The Trinitarian formula, Father, Son, and Holy Spirit, is critical to the Church's seven sacraments, from baptism to the anointing of the sick and dying.  The sign of the cross begins and ends everything the Church does, as it should and as it must. 

 

The Catechism of the Catholic Church, (#234) notes:  “The mystery of the Most Holy Trinity is the central mystery of Christian faith and life. It is the mystery of God in Himself.  It is therefore the source of all the other mysteries of faith, the light that enlightens them.  It is the most fundamental and essential teaching in the hierarchy of the truths of faith.”

 

Every time we make the sign of the cross we recall a mystery that is ultimately incomprehensible.  Many volumes attempt to explain the it but explaining the Trinity  is an impossible undertaking if there ever was one.  Each book may contain a kernel of insight into the nature of the Trinity depending on the biases of the writer.  However, the sum of all the books written does not capture the essence of the Trinity.  The trinitarian dogma depends on faith. This raises the question: What is faith?

 

A dictionary definition is:  “Belief that does not rest on logical proof or material evidence.”  The Letter to the Hebrews defines faith as “the realization of what is hoped for and evidence of things not seen. . . . By faith we understand that the universe was ordered by the Word of God, so that what is visible came into being through the invisible." 

 

Thus, we must become comfortable with faith at its most mysterious and impenetrable because despite the absence of logical proof, despite the impossibility and futility  of philosophy, science, or theology of ever "explaining" the Trinity, no one can declare him or herself a Christian if he or she denies the Trinity.

 

The word Trinity does not appear in scripture.  The understanding of the Trinity grew in the earliest years of the Church following Pentecost as she began to consider and meditate upon what Jesus said and did during His time on earth.  Jesus always speaks of His Father as distinct from Himself but He also notes that “I and the Father are One.”  The same is true of the Holy Spirit.  When Jesus refers to His oneness with the Father he is referring to substance and NOT the functions of creator, redeemer, or sanctifier. 

 

The ancient Creeds in Greek use homoousion which was translated into consubstantialem  in Latin.

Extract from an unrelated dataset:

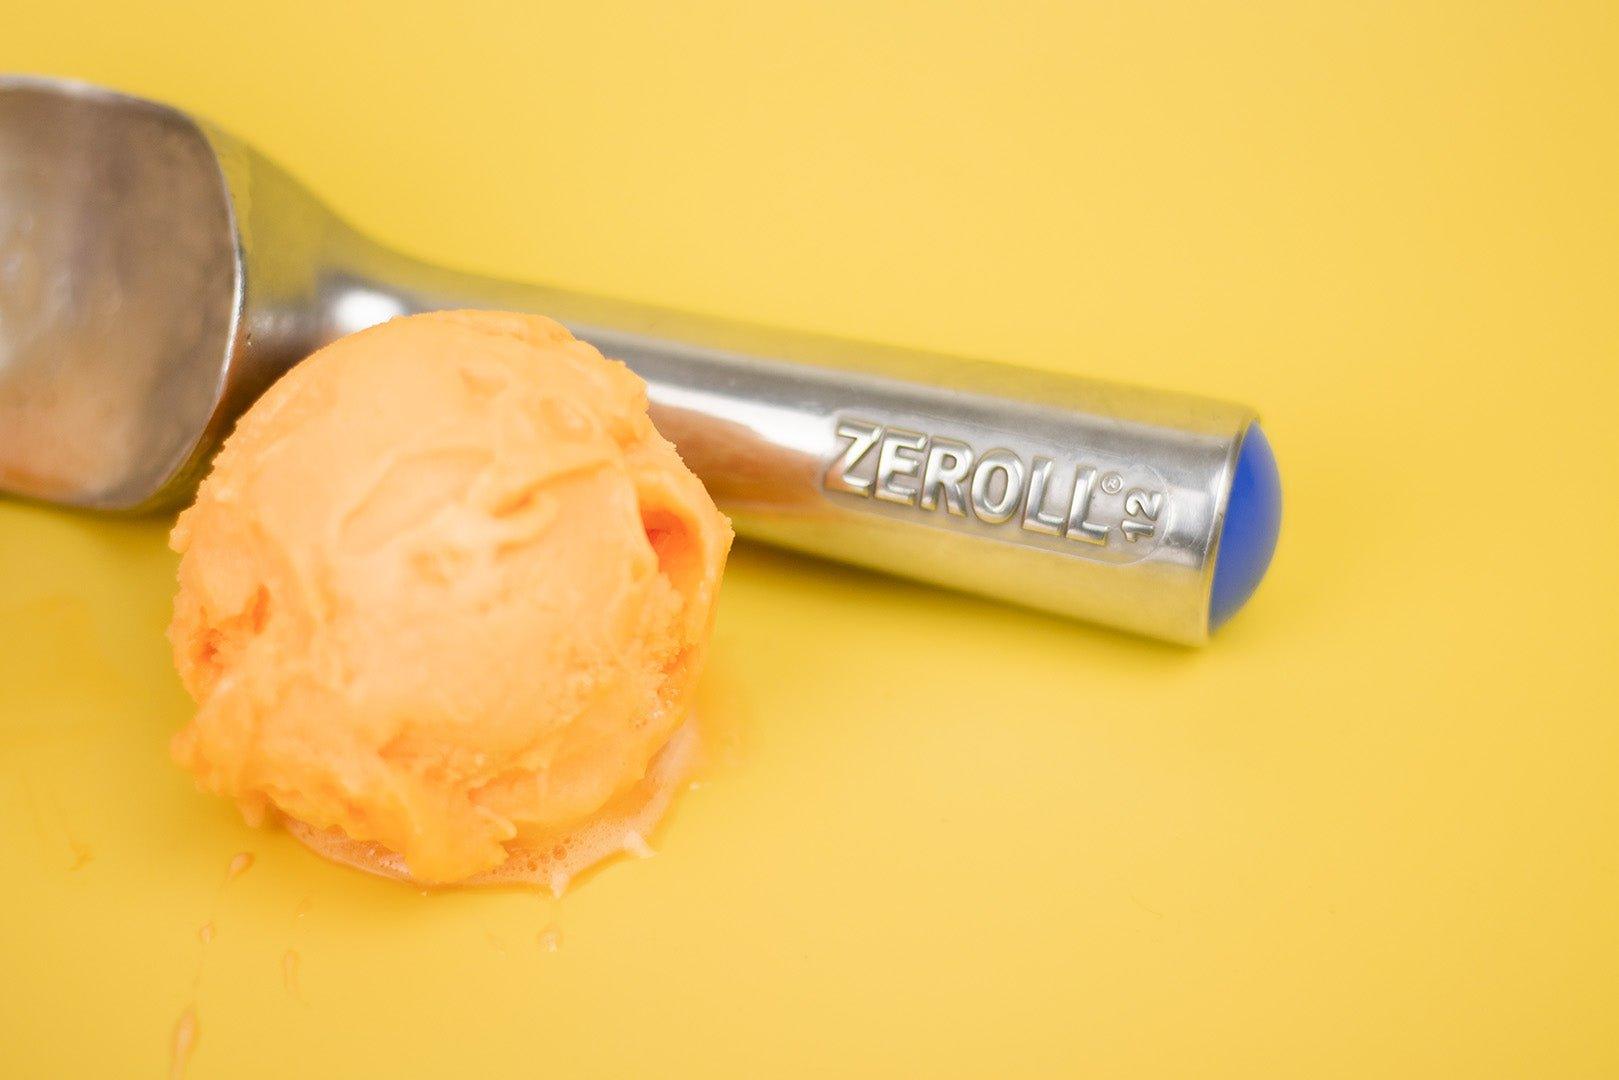 Zeroll Original Ice Cream Scoop Zerolon 3 oz

It is obvious that the English consubstantial, meaning one essence or one substance, is rooted in the Latin.  We are accustomed to persons being distinct rather than the same and have a hard time wrapping our minds around the concept of  “consubstantial."

 

Over the past weeks many of the gospel readings have been taken from the farewell discourse in John’s Gospel.  Jesus refers to both the Father and the Holy Spirit in reference to Himself several times in this discourse.  The Trinity is a mystery.  However, it is also the mystery  that allowed Paul to write in his Letter to the Romans:

 

“The Spirit himself bears witness with our spirit
that we are children of God,
and if children, then heirs,
heirs of God and joint heirs with Christ,
if only we suffer with him
so that we may also be glorified with him.”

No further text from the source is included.